A 1.5 liter of viscous fluid is draining through a needle will take 25 minutes. If the needle diameter is increased by 20\%, how long will it take to drain the bottle?

Calculate the viscosity of an oil which is used for lubrication between a plate of size 0.8m by 0.8 m inclined plane with angle of inclination \(30^{o} \text{.}\) The weight of the square plate is 300 N and it slides down the plane with uniform velocity of 0.3 m/s. The thickness of oil film is 1.5 mm.

The base of an insect’s leg is approximately spherical in shape with a radius of about \(2.0\times 10^{-5} \,m.\) The mass of the insect is \(3.00\times 10^{-6} \,kg\) and is supported equally by six legs.

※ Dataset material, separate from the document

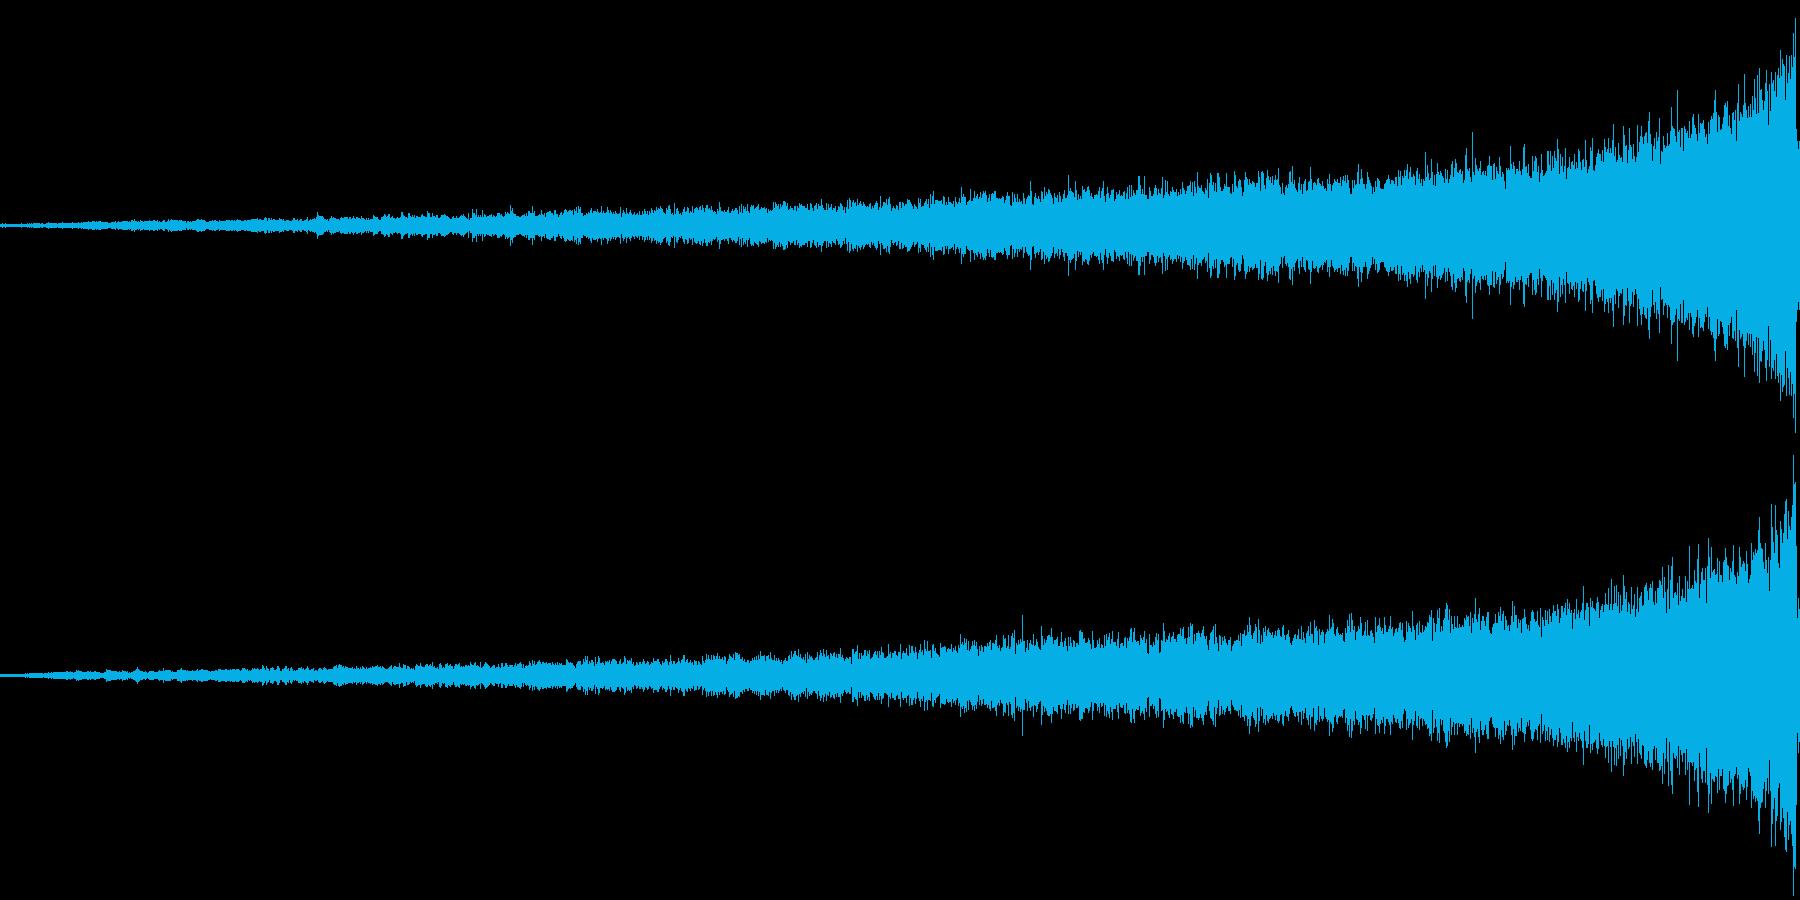 【映画演出】迫る危機感_ライザー_03の再生済みの波形

Calculate the contact angle \(\theta\text{.}\) The coefficient of surface tension is 0.072 N/m.

A circular ring of radius = 5.0 cm is immersed in the liquid and then pulled upward, so a film is formed between the ring and the liquid. An upward force of \(3.6 \times 10^{-2} N \) is required in addition to the weight of the ring to lift them to the point where the film just breaks. What is the surface tension of the liquid?

A bubble of air in water (\(\gamma = 0.073 \,N/m\) ) has a radius of 0.10 mm. Find the difference in pressures between the inside and outside of the bubble.

A needle of length 3.2 cm is placed gently on the surface of the water (\(\gamma =0.073 \,N/m\)) so that it can float on the water. What is the weight of the heaviest needle that can be used in this demonstration?

A glass plate of length 10 cm and thickness 0.2 cm is pulled up from a liquid of surface tension 0.07 N/m, find the force with which it is pulled up. Assume the angle of contact to be zero.